Tuesday, May 17, 2005

Newsweek not at fault for riots.

First this, from the International Information Program from the US government.

The chairman of the U.S. Joint Chiefs of Staff says a report from Afghanistan suggests that rioting in Jalalabad on May 11 was not necessarily connected to press reports that the Quran might have been desecrated in the presence of Muslim prisoners held in U.S. custody at Guantanamo Bay, Cuba.

Air Force General Richard Myers told reporters at the Pentagon May 12 that he has been told that the Jalalabad, Afghanistan, rioting was related more to the ongoing political reconciliation process in Afghanistan than anything else.

According to initial reports, the situation in Jalalabad began on May 10 with peaceful student protests reacting to a report in Newsweek magazine that U.S. military interrogators questioning Muslim detainees at the Guantanamo detention center “had placed Quran s on toilets, and in at least one case flushed a holy book.” By the following day the protests in the city had turned violent with reports of several individuals killed, dozens wounded, and widespread looting of government, diplomatic and nongovernmental assets.

However, Myers said an after-action report provided by U.S. Army Lieutenant General Karl Eikenberry, commander of the Combined Forces in Afghanistan, indicated that the political violence was not, in fact, connected to the magazine report.

Got that? Not connected. Our invasions that have not done much to improve life of Afghans, Iraqis, and our support of brutal regimes in the region have done far more damage than a weekly news mag could do.

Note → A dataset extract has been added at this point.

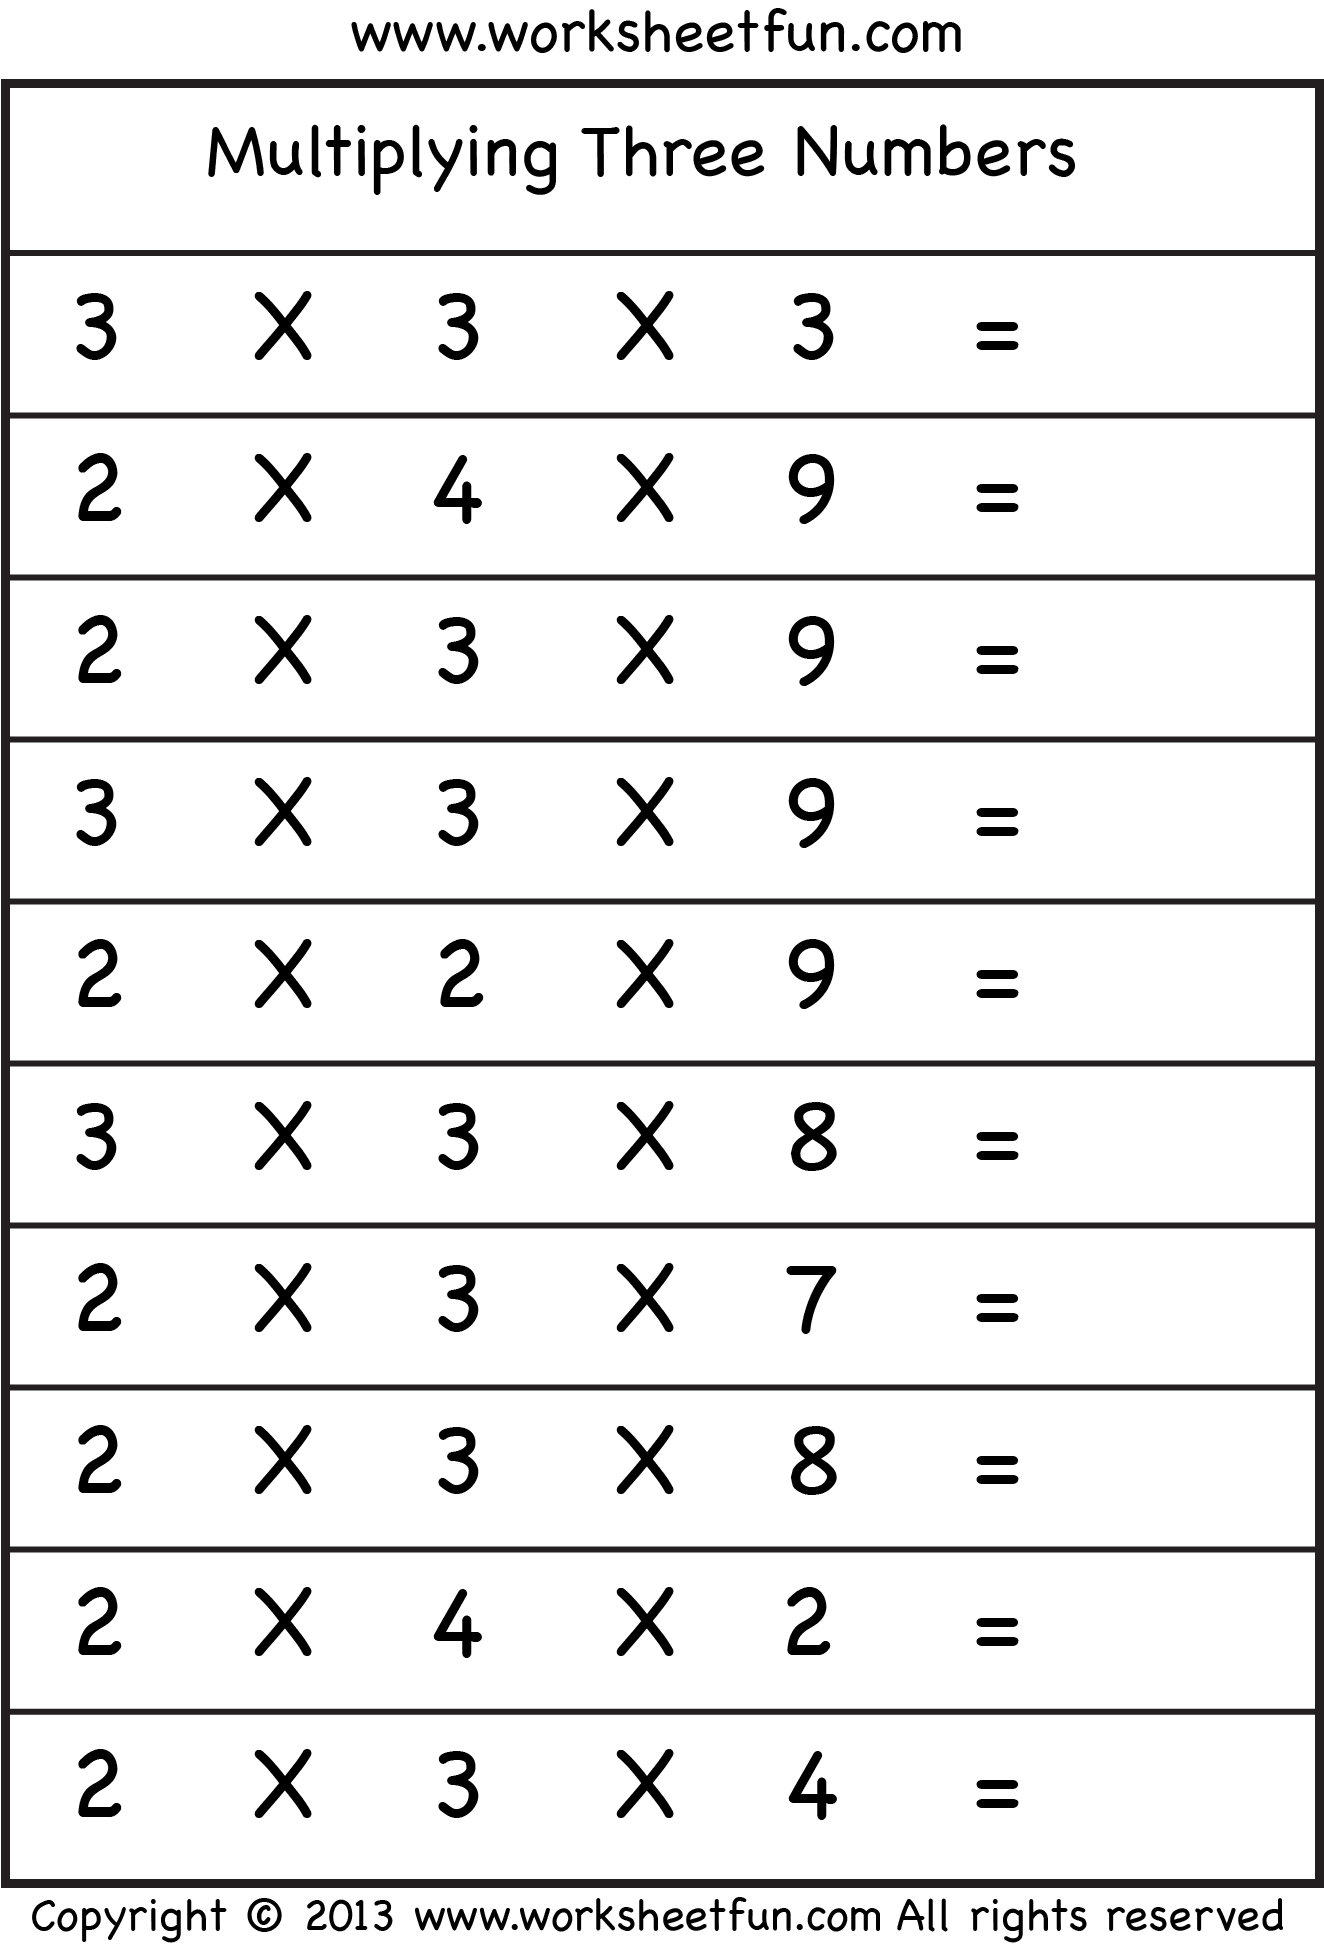 multiplying-3-numbers-three-worksheets-free-printable-worksheets-worksheetfun

But that doesn't keep the White House and Faux News from piling on. The White House apparently wants Newsweek to take over patrols of Kabul. From the yahoo news story linked above,

The White House says Newsweek took a "good first step" by retracting its story that U.S. investigators found evidence interrogators at Guantanamo Bay desecrated the Quran, but it wants the magazine to do more to repair damage caused by the article.

...

"The report had real consequences," White House press secretary Scott McClellan said Monday. "People have lost their lives. Our image abroad has been damaged. There are some who are opposed to the United States and what we stand for who have sought to exploit this allegation. It will take work to undo what can be undone."
Well, shit, Scotty. Did Newsweek fix the intel on Iraq? Did Newsweek let Bin Ladin go at Tora Bora? Did Newsweek arrest scores of Afghans, put them in a makeshift prison, abuse them and then let them go with no charges? Dumbass. AmericaBlog has similar commentary.

Keith Olberman, who may be the only sane person on MSNBC had this to say,

I smell something - and it ain’t a copy of the Qu’ran sopping wet from being stuck in a toilet in Guantanamo Bay. It’s the ink drying on Scott McClellan’s resignation, and in an only partly imperfect world, it would be drifting out over Washington, and imminently.

Last Thursday, General Richard Myers, the Chairman of the Joint Chiefs of Staff, and Donald Rumsfeld’s go-to guy whenever the situation calls for the kind of gravitas the Secretary himself can’t supply, told reporters at the Pentagon that rioting in Afghanistan was related more to the on-going political reconciliation process there, than it was to a controversial note buried in the pages of Newsweek claiming that the government was investigating whether or not some nitwit interrogator at Gitmo really had desecrated a Muslim holy book.

But Monday afternoon, while offering himself up to the networks for a series of rare, almost unprecedented sit-down interviews on the White House lawn, Press Secretary McClellan said, in effect, that General Myers, and the head of the after-action report following the disturbances in Jalalabad, Lieutenant General Karl Eikenberry, were dead wrong. The Newsweek story, McClellan said, “has done damage to our image abroad and it has done damage to the credibility of the media and Newsweek in particular. People have lost lives. This report has had serious consequences."

Ah, the party of personal responsibility.